Exercise aim: Identical copies of all the records below are needed.

* * * *

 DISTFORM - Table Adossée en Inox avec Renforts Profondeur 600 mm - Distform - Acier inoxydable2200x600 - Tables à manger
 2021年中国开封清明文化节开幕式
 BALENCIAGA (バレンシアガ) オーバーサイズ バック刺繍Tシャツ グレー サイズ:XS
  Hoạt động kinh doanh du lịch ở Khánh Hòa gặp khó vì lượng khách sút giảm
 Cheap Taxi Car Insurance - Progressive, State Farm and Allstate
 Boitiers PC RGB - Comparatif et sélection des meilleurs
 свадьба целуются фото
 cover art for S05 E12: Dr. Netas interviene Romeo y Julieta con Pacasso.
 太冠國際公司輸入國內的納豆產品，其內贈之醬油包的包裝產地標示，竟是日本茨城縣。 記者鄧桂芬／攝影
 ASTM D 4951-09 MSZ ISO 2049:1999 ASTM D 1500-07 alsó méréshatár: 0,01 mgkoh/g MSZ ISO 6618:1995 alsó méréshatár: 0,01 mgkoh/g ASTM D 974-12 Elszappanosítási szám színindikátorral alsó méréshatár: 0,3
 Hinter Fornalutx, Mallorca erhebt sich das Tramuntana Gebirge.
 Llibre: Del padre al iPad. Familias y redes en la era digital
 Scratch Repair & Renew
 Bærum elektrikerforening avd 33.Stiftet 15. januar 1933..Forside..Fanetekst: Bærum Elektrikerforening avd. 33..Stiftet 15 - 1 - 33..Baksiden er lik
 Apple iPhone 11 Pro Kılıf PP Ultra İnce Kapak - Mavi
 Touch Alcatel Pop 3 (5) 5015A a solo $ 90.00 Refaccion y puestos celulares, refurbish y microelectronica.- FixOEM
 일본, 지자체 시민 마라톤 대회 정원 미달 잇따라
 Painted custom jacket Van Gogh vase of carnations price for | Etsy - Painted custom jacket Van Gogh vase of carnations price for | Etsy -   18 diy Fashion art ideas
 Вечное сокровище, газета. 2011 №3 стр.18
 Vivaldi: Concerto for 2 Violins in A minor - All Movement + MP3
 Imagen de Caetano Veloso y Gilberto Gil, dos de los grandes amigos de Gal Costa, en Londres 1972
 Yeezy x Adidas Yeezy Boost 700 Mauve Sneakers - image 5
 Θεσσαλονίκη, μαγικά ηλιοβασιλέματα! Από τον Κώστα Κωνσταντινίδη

* * * *

Reply to the exercise:
 DISTFORM - Table Adossée en Inox avec Renforts Profondeur 600 mm - Distform - Acier inoxydable2200x600 - Tables à manger
 2021年中国开封清明文化节开幕式
 BALENCIAGA (バレンシアガ) オーバーサイズ バック刺繍Tシャツ グレー サイズ:XS
  Hoạt động kinh doanh du lịch ở Khánh Hòa gặp khó vì lượng khách sút giảm
 Cheap Taxi Car Insurance - Progressive, State Farm and Allstate
 Boitiers PC RGB - Comparatif et sélection des meilleurs
 свадьба целуются фото
 cover art for S05 E12: Dr. Netas interviene Romeo y Julieta con Pacasso.
 太冠國際公司輸入國內的納豆產品，其內贈之醬油包的包裝產地標示，竟是日本茨城縣。 記者鄧桂芬／攝影
 ASTM D 4951-09 MSZ ISO 2049:1999 ASTM D 1500-07 alsó méréshatár: 0,01 mgkoh/g MSZ ISO 6618:1995 alsó méréshatár: 0,01 mgkoh/g ASTM D 974-12 Elszappanosítási szám színindikátorral alsó méréshatár: 0,3
 Hinter Fornalutx, Mallorca erhebt sich das Tramuntana Gebirge.
 Llibre: Del padre al iPad. Familias y redes en la era digital
 Scratch Repair & Renew
 Bærum elektrikerforening avd 33.Stiftet 15. januar 1933..Forside..Fanetekst: Bærum Elektrikerforening avd. 33..Stiftet 15 - 1 - 33..Baksiden er lik
 Apple iPhone 11 Pro Kılıf PP Ultra İnce Kapak - Mavi
 Touch Alcatel Pop 3 (5) 5015A a solo $ 90.00 Refaccion y puestos celulares, refurbish y microelectronica.- FixOEM
 일본, 지자체 시민 마라톤 대회 정원 미달 잇따라
 Painted custom jacket Van Gogh vase of carnations price for | Etsy - Painted custom jacket Van Gogh vase of carnations price for | Etsy -   18 diy Fashion art ideas
 Вечное сокровище, газета. 2011 №3 стр.18
 Vivaldi: Concerto for 2 Violins in A minor - All Movement + MP3
 Imagen de Caetano Veloso y Gilberto Gil, dos de los grandes amigos de Gal Costa, en Londres 1972
 Yeezy x Adidas Yeezy Boost 700 Mauve Sneakers - image 5
 Θεσσαλονίκη, μαγικά ηλιοβασιλέματα! Από τον Κώστα Κωνσταντινίδη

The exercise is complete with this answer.